A report for Stormont’s ‘Department for Communities’ has admitted that a scheme for funding community halls was biased in favour of the Protestant community.
The Community Halls ‘Pilot Programme’ was launched by former DUP Minister Paul Givan during a visit to an Orange hall last year. However, the Minister was already notorious for a series of apparently sectarian acts.
Just weeks after taking up office, Givan was photographed lighting a loyalist bonfire on the Eleventh Night in south Tyrone. Last week it was confirmed Mr Givan had been investigated for starting the bonfire.
In December, Mr Givan’s decision to cut an Irish language educational bursary scheme caused widespread anger and was one of the reasons for the collapse of the Stormont Executive.
It has also now emerged that a list of community halls issued by his department received cash grants that cost a total of 1.9 million pounds, four times the original budget but just shy of a key level.
Had the cost of the scheme gone over 2 million pounds, Mr Givan would have needed the approval of the Department of Finance, headed by Sinn Fein’s Mairtin O Muilleoir.

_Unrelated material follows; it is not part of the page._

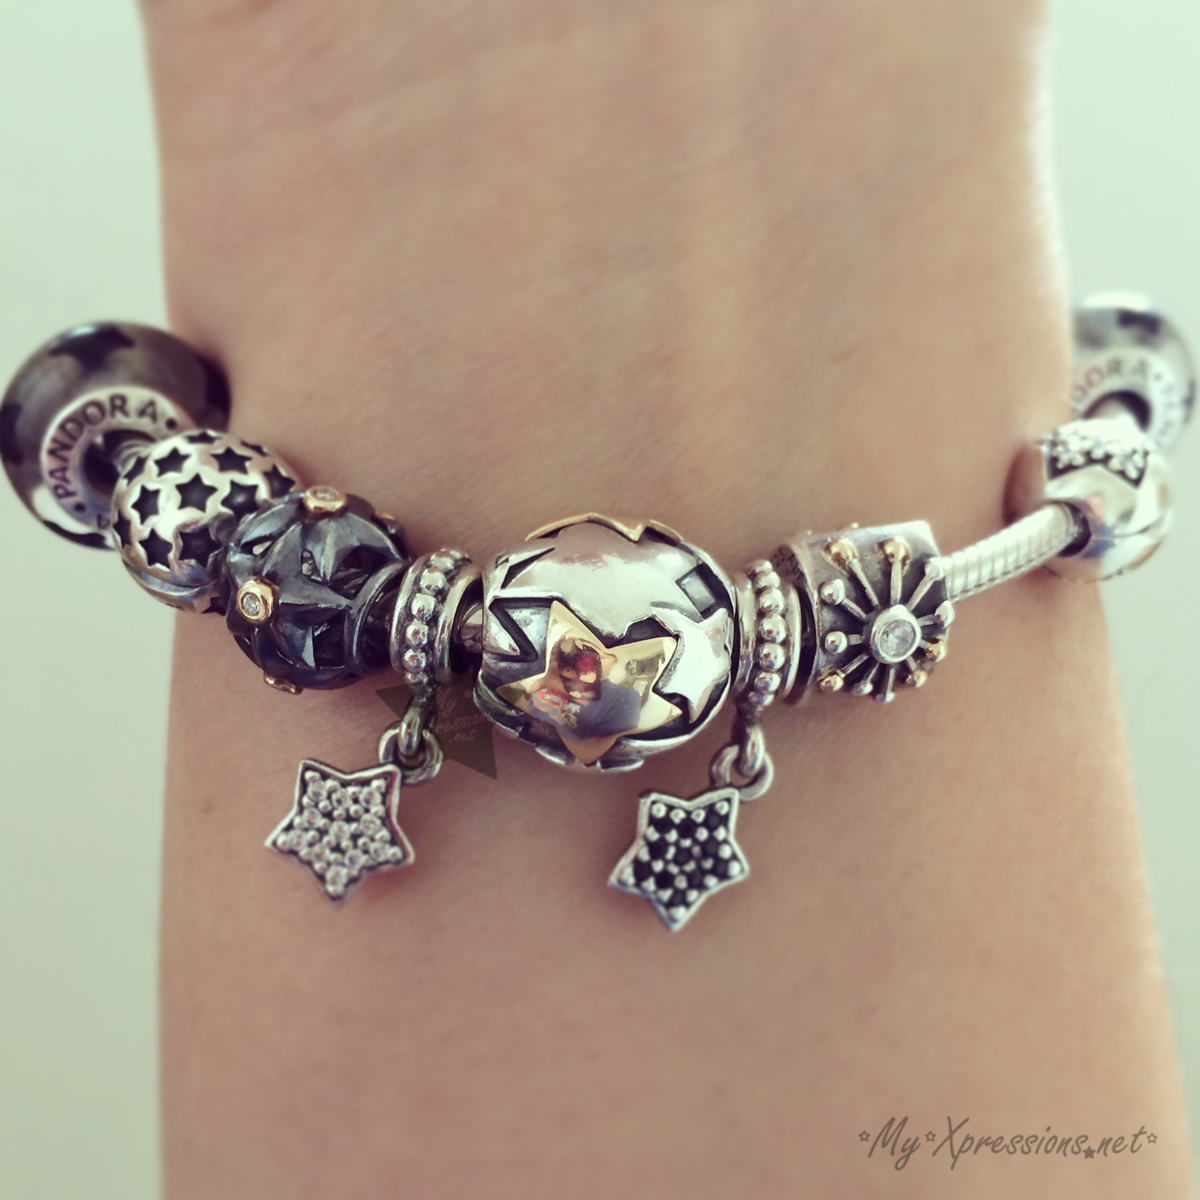 Pandora compatible bead pandora bracelet iders pandora charms

A high number of halls associated with the Protestant marching orders received funds from the money, while just two Gaelic sports clubs were successful.
Now, in a revised ‘equality’ document, Givan’s former department has admitted that the scheme was weighted in favour of the Protestant community. It revealed 58 out of 90 successful applicants were from Protestant groups, while just nine were from Catholic organisations.

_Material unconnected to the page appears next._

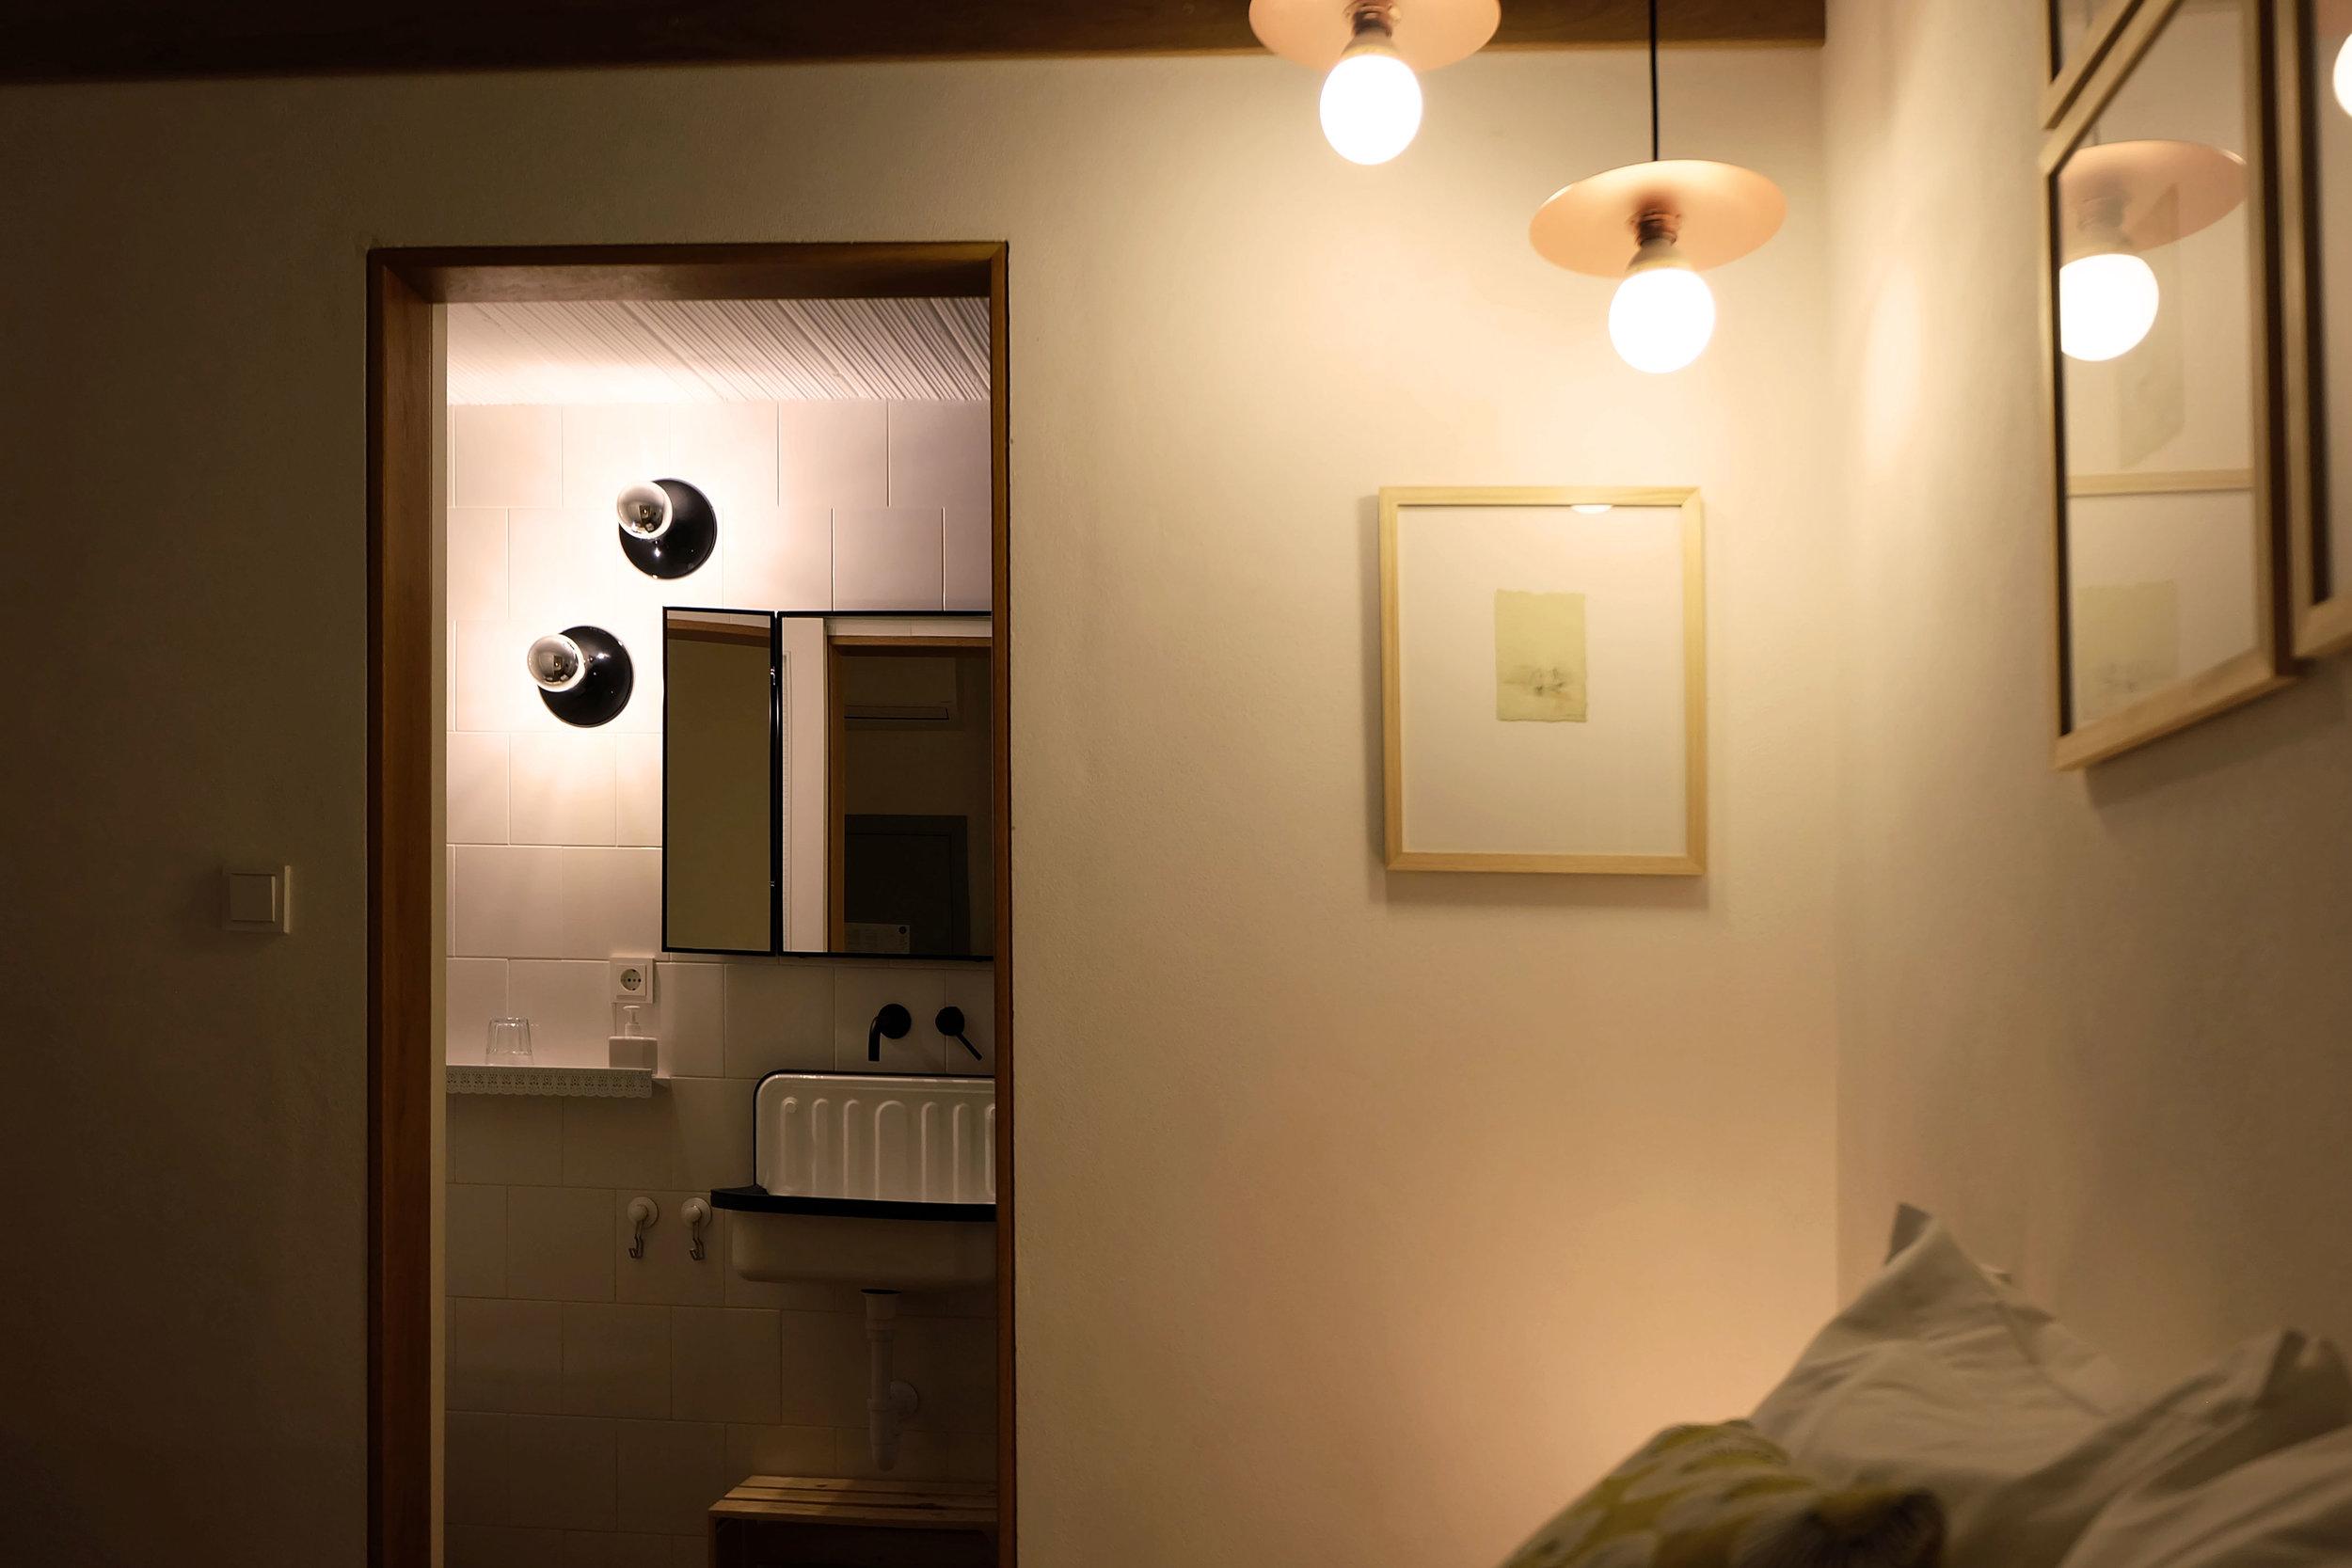 Hotel-Casa-de-Huespedes-Santa-Maria-Habitacion-10-8.jpg

It excused the imbalance by claiming it was used to compensate for the failure of Protestant groups to apply for grants funded by lottery money, possibly for religious reasons.
The Committee on the Administration of Justice (CAJ) deputy director Daniel Holder said the department had made no effort to show an objective need for those groups it funded.
He said: “Originally the department ‘forgot’ to equality screen the community halls fund.
“When this was spotted they put out a flawed document that avoided any equality analysis of who got what despite being done after the money had been allocated.
“We complained to trigger a review to try and get the equality test done properly. This is the document we now have.”
SDLP assembly member John Dallat also criticised the department’s approach.
“To put forward the notion that Protestants don’t apply to the lottery is a poor excuse for the failure of the scheme to reach out to all the community,” he said.